Crepidium, commonly known as 沼兰属 (zhao lan shu) or spur orchids is a genus of about three hundred species of orchids in the family Orchidaceae. Plants in this genus are evergreen, mostly terrestrial plants with short stems lying on the ground, two or more relatively large, pleated leaves and small, non-resupinate flowers with spreading sepals and petals. The genus is widely distributed in the tropics.

==Description==
Orchids in the genus Crepidium are evergreen, sympodial, mostly terrestrial plants with fleshy stems lying on the ground although a few species are epiphytes. There are two to many relatively large, pleated leaves with their petioles wrapped around the stem, the leaves sometimes lasting for up to three years. Small or tiny, non-resupinate flowers are borne along the end of the flowering stem. The flowers are green, yellow, red, brown or purple and have spreading sepals and petals. The dorsal sepal is usually longer than the lateral sepals and the petals usually shorter and narrower than the sepals. The labellum is erect, flat and usually undivided with two ear-like lobes near its base. The column is short and has two relatively large wings. No nectar is produced and there are two pairs of waxy, yellow pollinia.

==Taxonomy and naming==
The genus Crepidium was first raised and formally described in 1825 by Carl Ludwig Blume and the description was published in his book Bijdragen tot de flora van Nederlandsch Indië. The name Crepidium is derived from the Latin word crepida meaning "boot", "sandal", "shoe" or "base", possibly referring to the shape of the labellum.
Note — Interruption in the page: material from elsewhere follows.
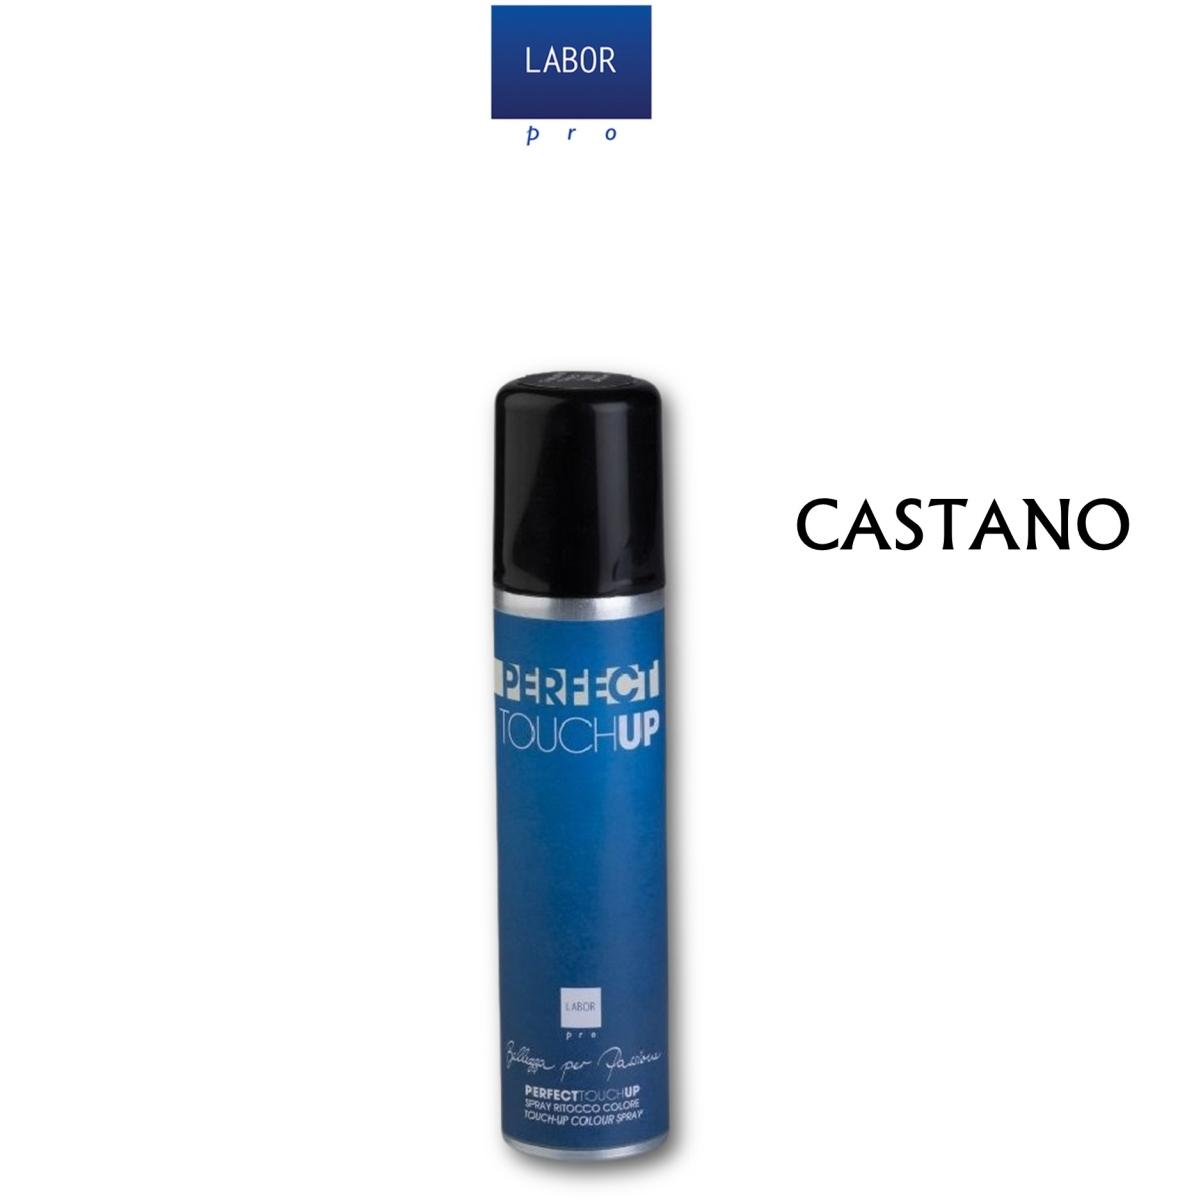 Labor Perfect Touch up ( Spray ritocco colore Castano ) 75 ml.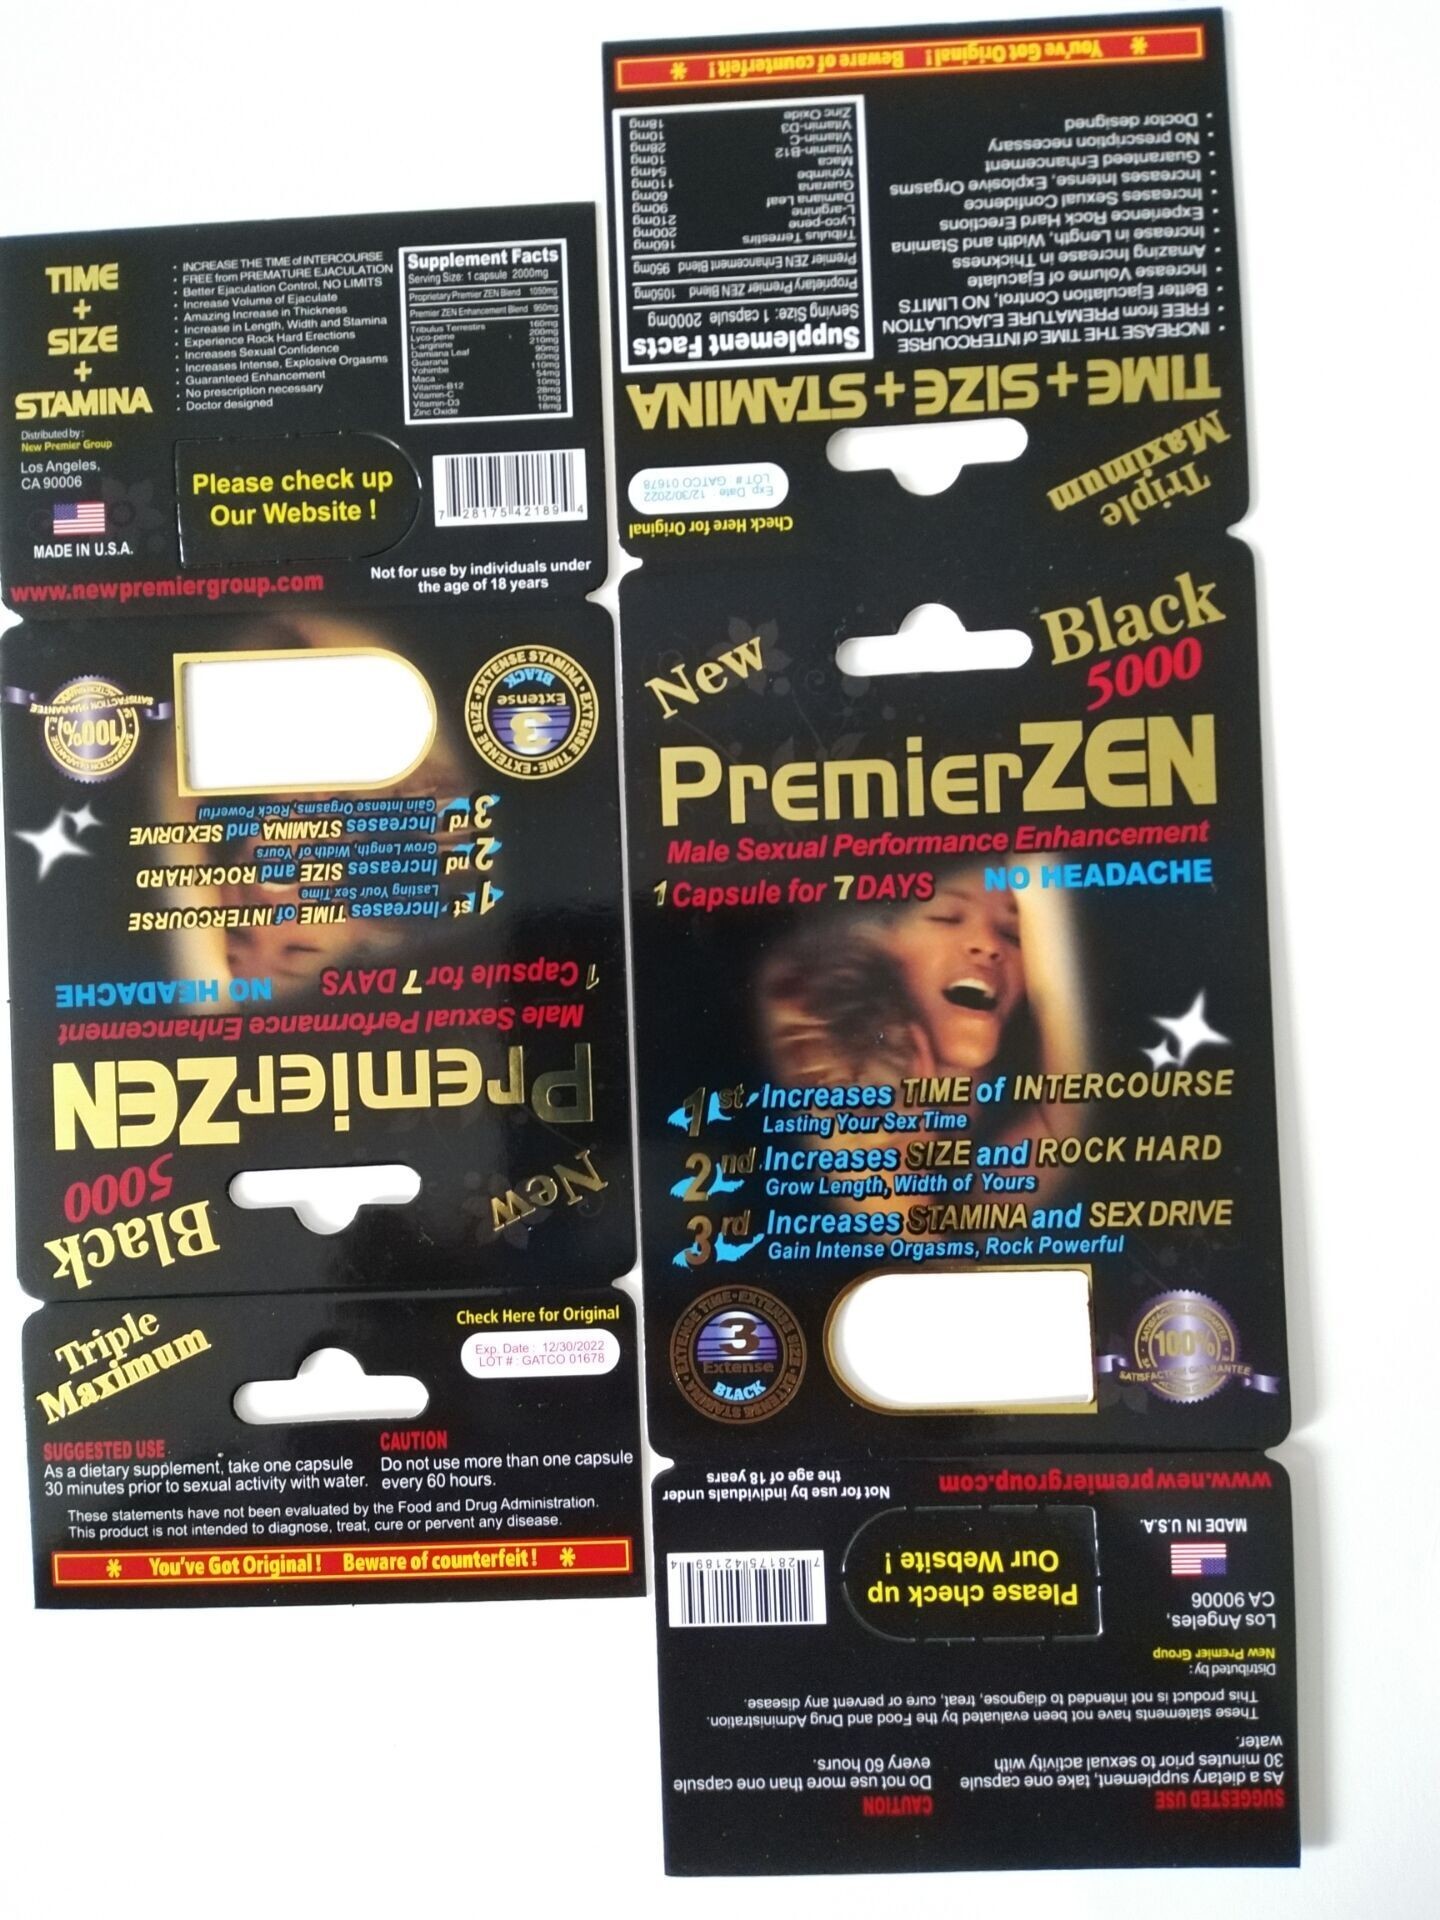 Ucuz Premier Premier zen erkek cinsel performans geliştirme Yeni tasarım sert sert rox hap paketi şişe ve kart

Some authors previously included species in this genus in Malaxis but Crepidium have stems lying above ground, broad leaves and an undivided labellum with ear-like lobes.

===Species===
(See List of species)

==Distribution and habitat==
Species of Crepidium are found in tropical countries including China, the Indian subcontinent, Southeast asia, northern Australia, New Guinea, and various islands of the Pacific and Indian Oceans. The greatest diversity is in New Guinea where about ninety species occur. Seventeen species, five of which are endemic occur in China. In Australia there are five endemic species in tropical Queensland and the Northern Territory. Many species grow on the floor of rainforest but some are epiphytes on mossy tree trunks.